Opponents of the Mariner East project welcomed the ruling and praised Dinniman’s initiative.

“The Public Utility Commission’s Order provides much needed protection for the public from the dangers Sunoco has inflicted upon communities in Chester County and beyond,” said Joseph Otis Minott, executive director of Clean Air Council, which has led legal challenges to the project. He called the ruling a “great victory.”

Food & Water Watch, another environmental group, said the ruling shows that Gov. Tom Wolf should halt construction of the two new pipelines altogether.

“Today’s decision gives hope to the communities along the pipeline route who have demanded protection from Sunoco’s dangerous and unnecessary pipeline,” the group said in a statement.
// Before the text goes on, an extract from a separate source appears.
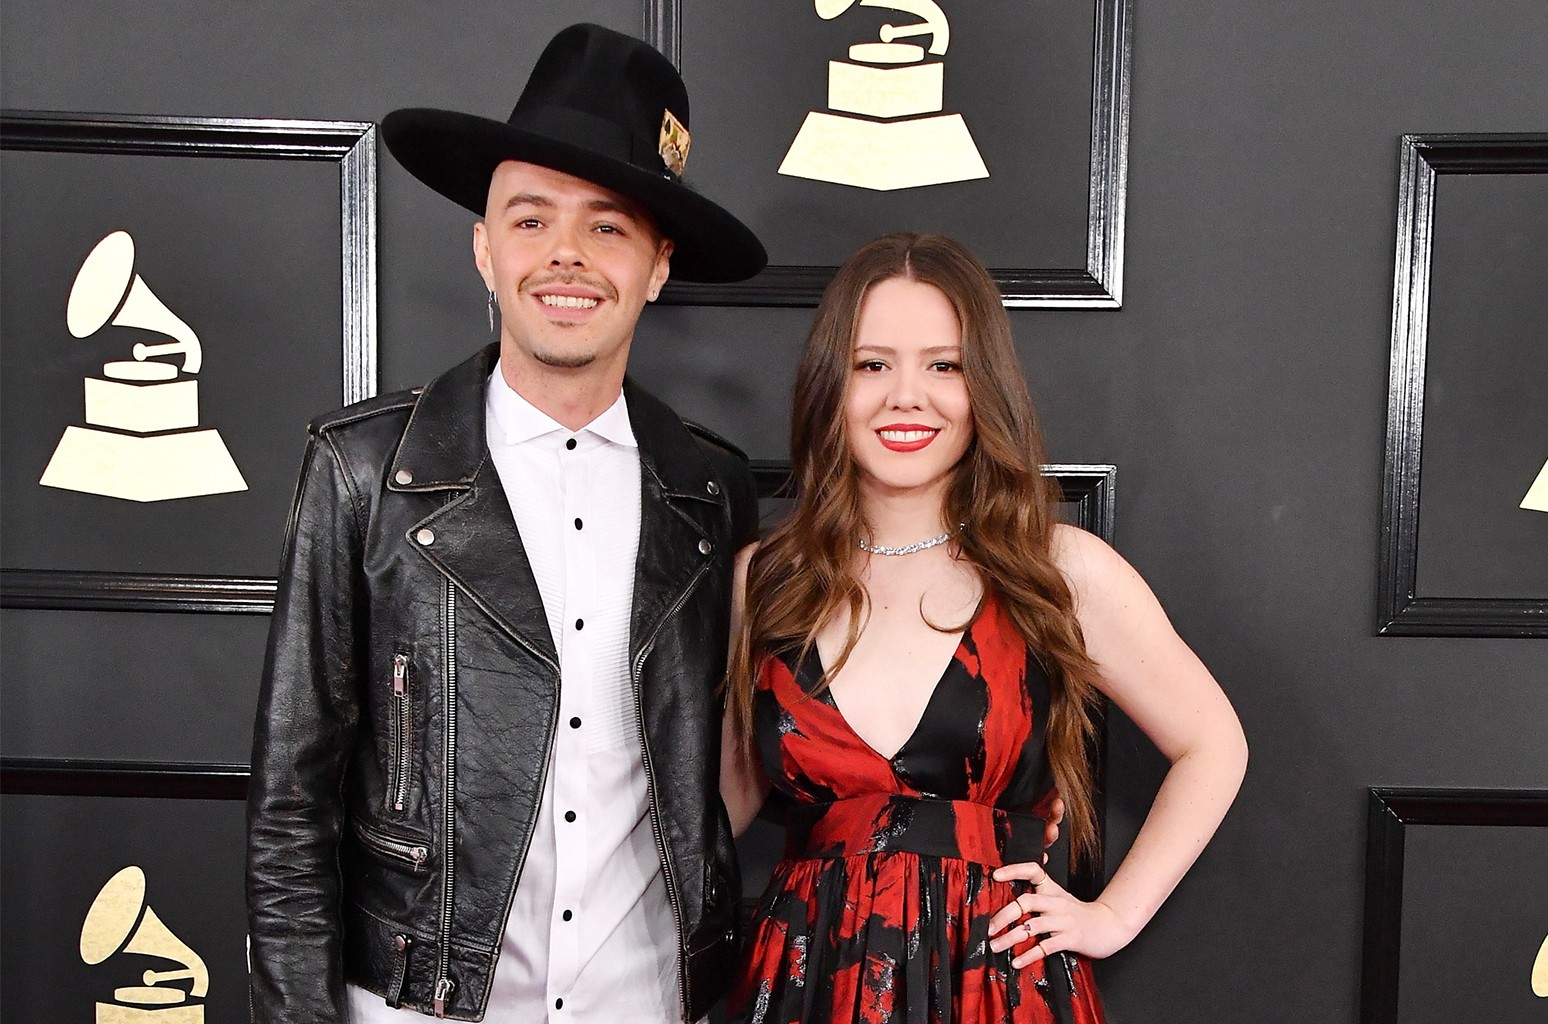 Jesse Huerta (L) and Joy Huerta of Jesse & Joy attend The 59th Grammy Awards at Staples Center on Feb. 12, 2017 in Los Angeles.

But advocates for the pipeline industry and the labor groups that support it said there is no reason to halt the pipelines, which meet rigorous regulation by state and federal agencies.

“Pipeline opponents have shopped the legal system long enough to finally find a judge who is more sympathetic to their cause than the facts,” said Kurt Knaus, a spokesman for the Pennsylvania Energy Infrastructure Alliance.

GAIN, a group that promotes infrastructure investment, condemned the ruling, which it said would undermine confidence in Pennsylvania’s regulatory environment.

“This activist Judge’s decision flies in the face of the extensive testing and review overseen by the Pennsylvania Utility Commission which led to the Commission’s unanimous decision to allow operations of Mariner East 1 to resume just three weeks ago,” it said.

It called the ruling a “shocking development” that risks the loss of billions of dollars in investment for other infrastructure projects.

In her 26-page ruling, the judge said Mariner East 1 had leaked three times in the last year, including on April 1, 2017, in Morgantown, Berks County where about 1,000 gallons of natural gas liquids escaped. It took Sunoco 90 minutes to shut the pipeline down. “This is a dangerous quantity of hazardous gas,” she wrote.

In West Whiteland, Sunoco had not done enough to protect water supplies, she wrote, siding with Dinniman.

“Petitioner has shown Sunoco is putting West Whiteland Township’s water supplies at risk by failing to adequately identify, document and avoid drilling through well or aquifer locations underground,” the judge said.

StateImpact Pennsylvania reporter Susan Phillips contributed to this report.